Between the line containing "MANOLO BLAHNIK RED" and the line containing "Elliott Wave View: Nifty" lies a run of lines; give that run again exactly, with both of those lines, and nothing else from the entries below.

▸ MATERIAL FOR THIS TASK:
§

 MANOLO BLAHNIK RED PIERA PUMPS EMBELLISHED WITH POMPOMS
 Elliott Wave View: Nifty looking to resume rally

§

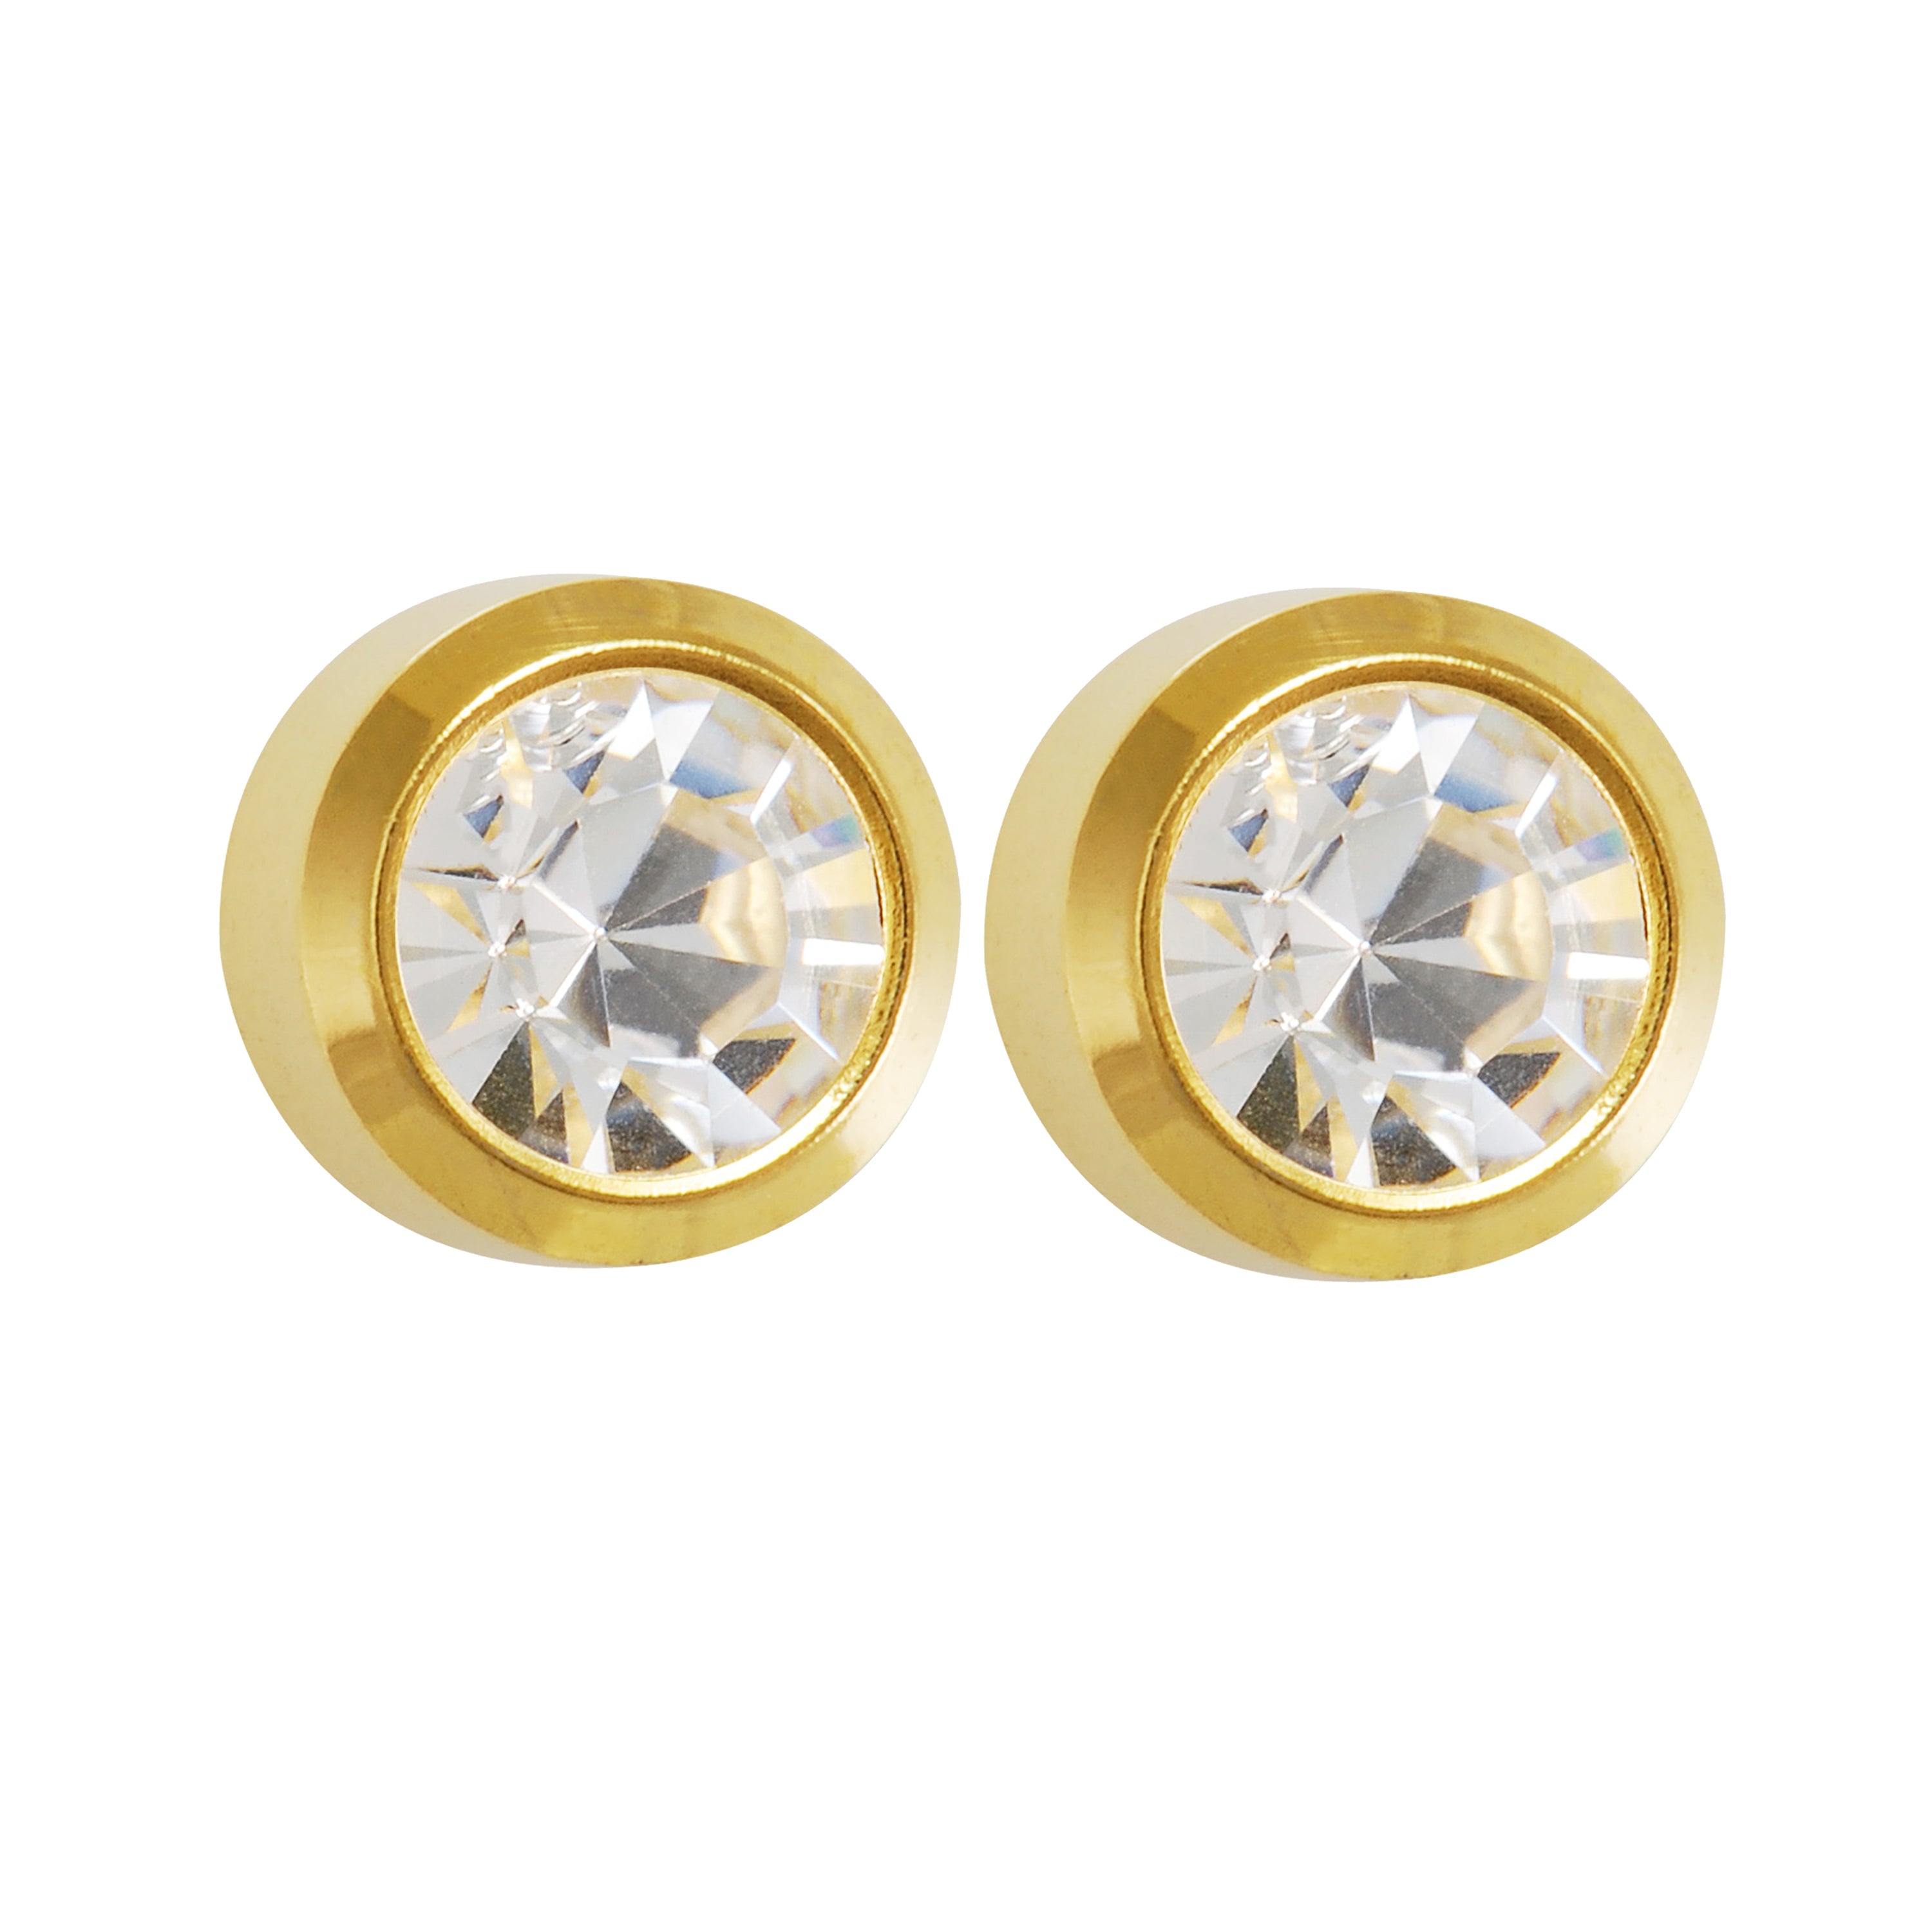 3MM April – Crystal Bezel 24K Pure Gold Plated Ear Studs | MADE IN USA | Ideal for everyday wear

§

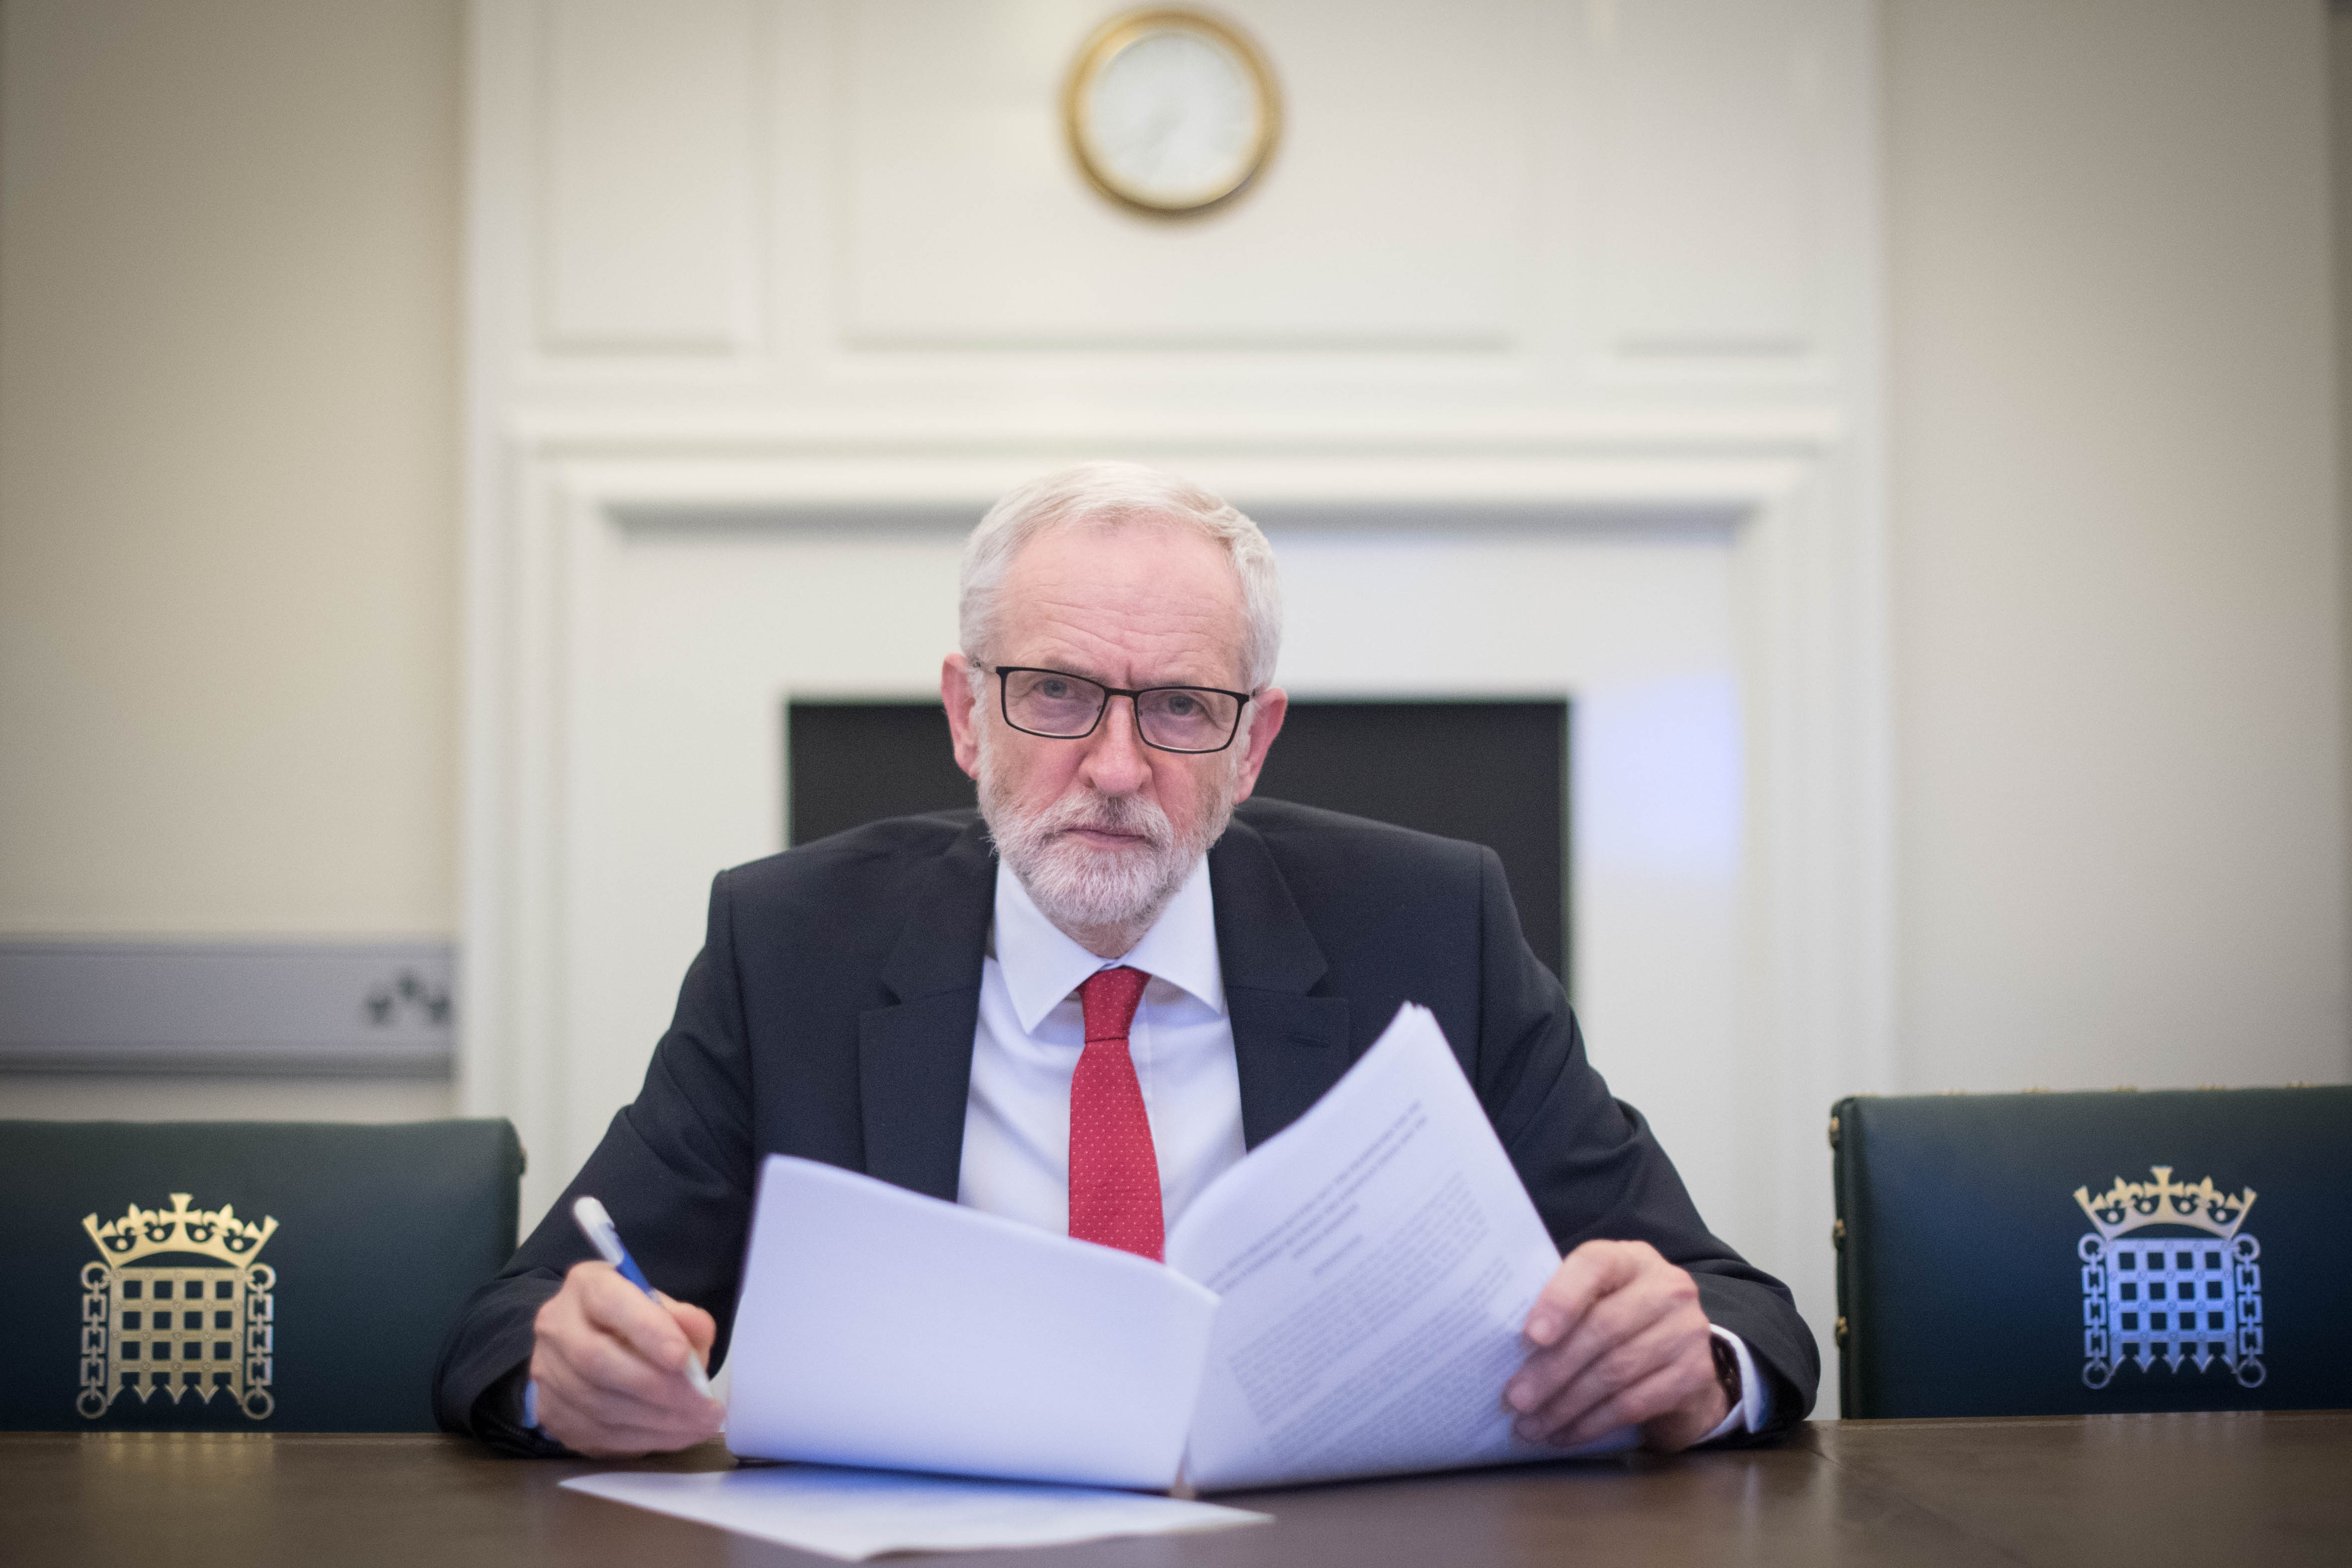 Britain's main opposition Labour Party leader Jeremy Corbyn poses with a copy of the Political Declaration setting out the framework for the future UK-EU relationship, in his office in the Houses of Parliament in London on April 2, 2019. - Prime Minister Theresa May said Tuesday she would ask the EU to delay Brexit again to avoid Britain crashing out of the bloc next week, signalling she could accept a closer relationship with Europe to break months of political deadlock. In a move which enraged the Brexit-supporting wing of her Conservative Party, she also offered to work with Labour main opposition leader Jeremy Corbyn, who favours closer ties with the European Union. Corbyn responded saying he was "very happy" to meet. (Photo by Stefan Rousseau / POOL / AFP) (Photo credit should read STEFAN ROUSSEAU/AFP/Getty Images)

§

▸ WRITTEN RESPONSE:
 MANOLO BLAHNIK RED PIERA PUMPS EMBELLISHED WITH POMPOMS
 Elliott Wave View: Nifty looking to resume rally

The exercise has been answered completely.